# Threading: Overview
By nature, Python is a linear language, but the threading module comes in handy when you want a little more processing power. While threading in Python cannot be used for parallel CPU computation, it's perfect for I/O operations such as web scraping where the processor sits idle waiting for data.

Threading is game-changing because many scripts related to network/data I/O spend the majority of their time waiting for data from a remote source. Because downloads might not be linked (i.e., scraping separate websites), the processor can download from different data sources in parallel and combine the result at the end. For CPU intensive processes, there is little benefit to using the threading module.


### Basic Use
Threading is included in the Python standard library, so we need not install any package. We simply impor the threading library:

In [1]:
import threading
from queue import Queue
import time

You can use `target` as the callable object, `args` to pass parameters to the function, and `start` to start the thread

In [10]:
def testThread(num):
    print(num)

if __name__ == '__main__':
    for i in range(5):
        t = threading.Thread(target=testThread, args=(i,))
        t.start()

0
1
2
3
4


If calling this as a script you'll want to embed the threading below the  `if __name__ == '__main__':` statement to make sure the code that's nested inside it will only run if the script is run directly (not imported). We don't need to do this in this notebook. 

We see that the way we create and begin a thread process is with the `start()` call.

In [13]:
def worker(num):
    """thread worker function"""
    print('Worker: %s' % num)
    return

threads = []
for i in range(5):
    t = threading.Thread(target=worker, args=(i,))
    threads.append(t)
    t.start()

Worker: 0
Worker: 1
Worker: 2
Worker: 3
Worker: 4


### Locks

You'll often want your threads to be able to use or modify variables common between threads but to do that you'll have to use something known as a lock. Whenever a function wants to modify a variable, it locks that variable. When another function wants to use a variable, it must wait until that variable is unlocked.
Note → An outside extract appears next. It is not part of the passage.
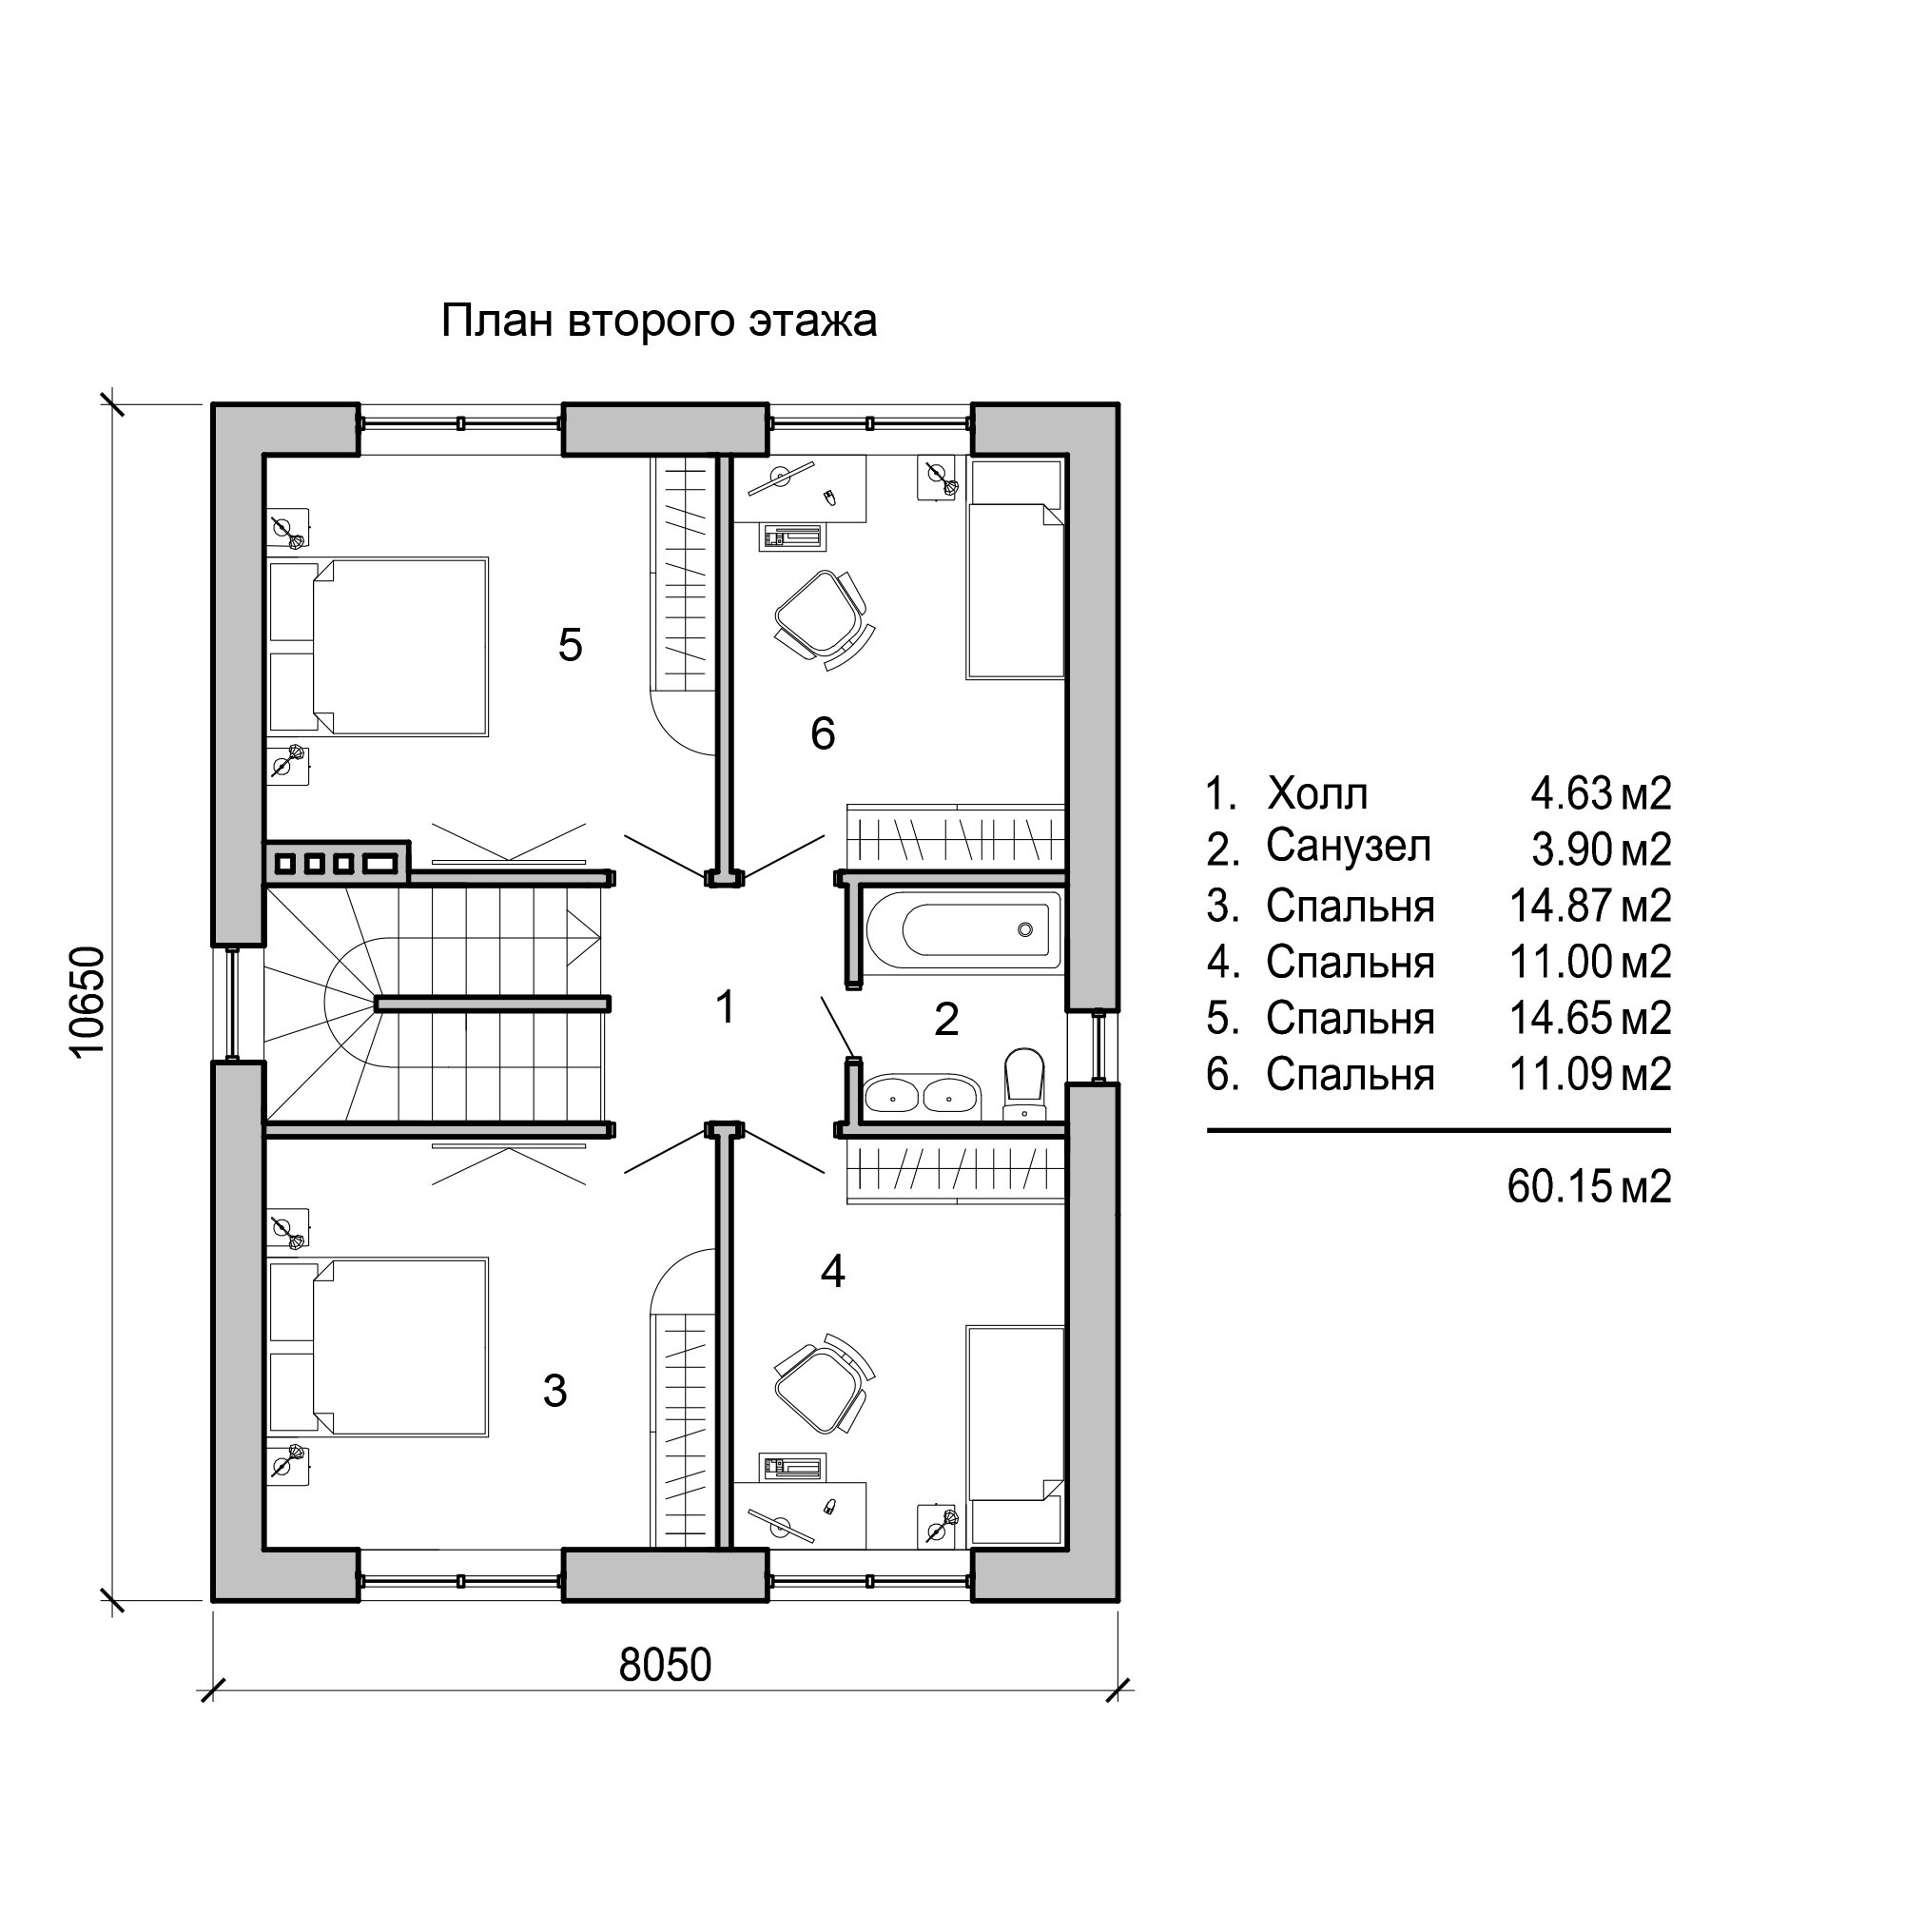 Дом 4 комнаты 2 этажа. Z500 zx12 планировка. Планировки домов двухэтажных. Планировка второго этажа с двумя спальнями. Чертеж двухэтажного дома.

Imagine two functions which both iterate a variable by 1. The lock allows you to ensure that one function can access the variable, perform calculations, and write back to that variable before another function can access the same variable.

When using the threading module, this can also happen when you're printing because the text can get jumbled up (and cause data corruption). You can use a print lock to ensure that only one thread can print at a time.

Locks are the simplest synchronization primitives in Python. A Lock has only two states — locked and unlocked (surprise). It is created in the unlocked state and has two principal methods — acquire() and release(). The acquire() method locks the Lock and blocks execution until the release() method in some other coroutine sets it to unlocked. Then it locks the Lock again and returns True. The release() method should only be called in the locked state, it sets the state to unlocked and returns immediately. If release() is called in the unlocked state, a RunTimeError is raised.

Here’s the code which uses a Lock primitive for securely accessing a shared variable:

In [18]:

from threading import Lock, Thread
lock = Lock()
g = 0

def add_one():
   """
   Just used for demonstration. It’s bad to use the ‘global’
   statement in general.
   """
   
   global g
   lock.acquire()
   g += 1
   lock.release()

def add_two():
   global g
   lock.acquire()
   g += 2
   lock.release()

threads = []
for func in [add_one, add_two]:
   threads.append(Thread(target=func))
   threads[-1].start()

for thread in threads:
   """
   Waits for threads to complete before moving on with the main
   script.
   """
   thread.join()

print(g)

3


This simply gives an output of 3, but now we are sure that the two functions are not changing the value of the global variable `g` simultaneously although they run on two different threads. Thus, Locks can be used to avoid inconsistent output by allowing only one thread to modify data at a time.

## Setting the thread level on cPython C extension libraries

One can control the number of threads used by the C extension libraries that employ threads. Think here numpy and scipy and anything that calls on them. 

We can set the number of threads external prior to launching python or internal within python prior to loading the package which has threading enabled. 

### External setting of threads: 

In [19]:
%%bash
# we would do this from the shell environment (bash here)
# for example we set the total thread count to 2 below
export OMP_NUM_THREADS=2

### Internal setting of threads: (done within python)

In [None]:
import os
os.environ["OMP_NUM_THREADS"] = "1"
import numpy as np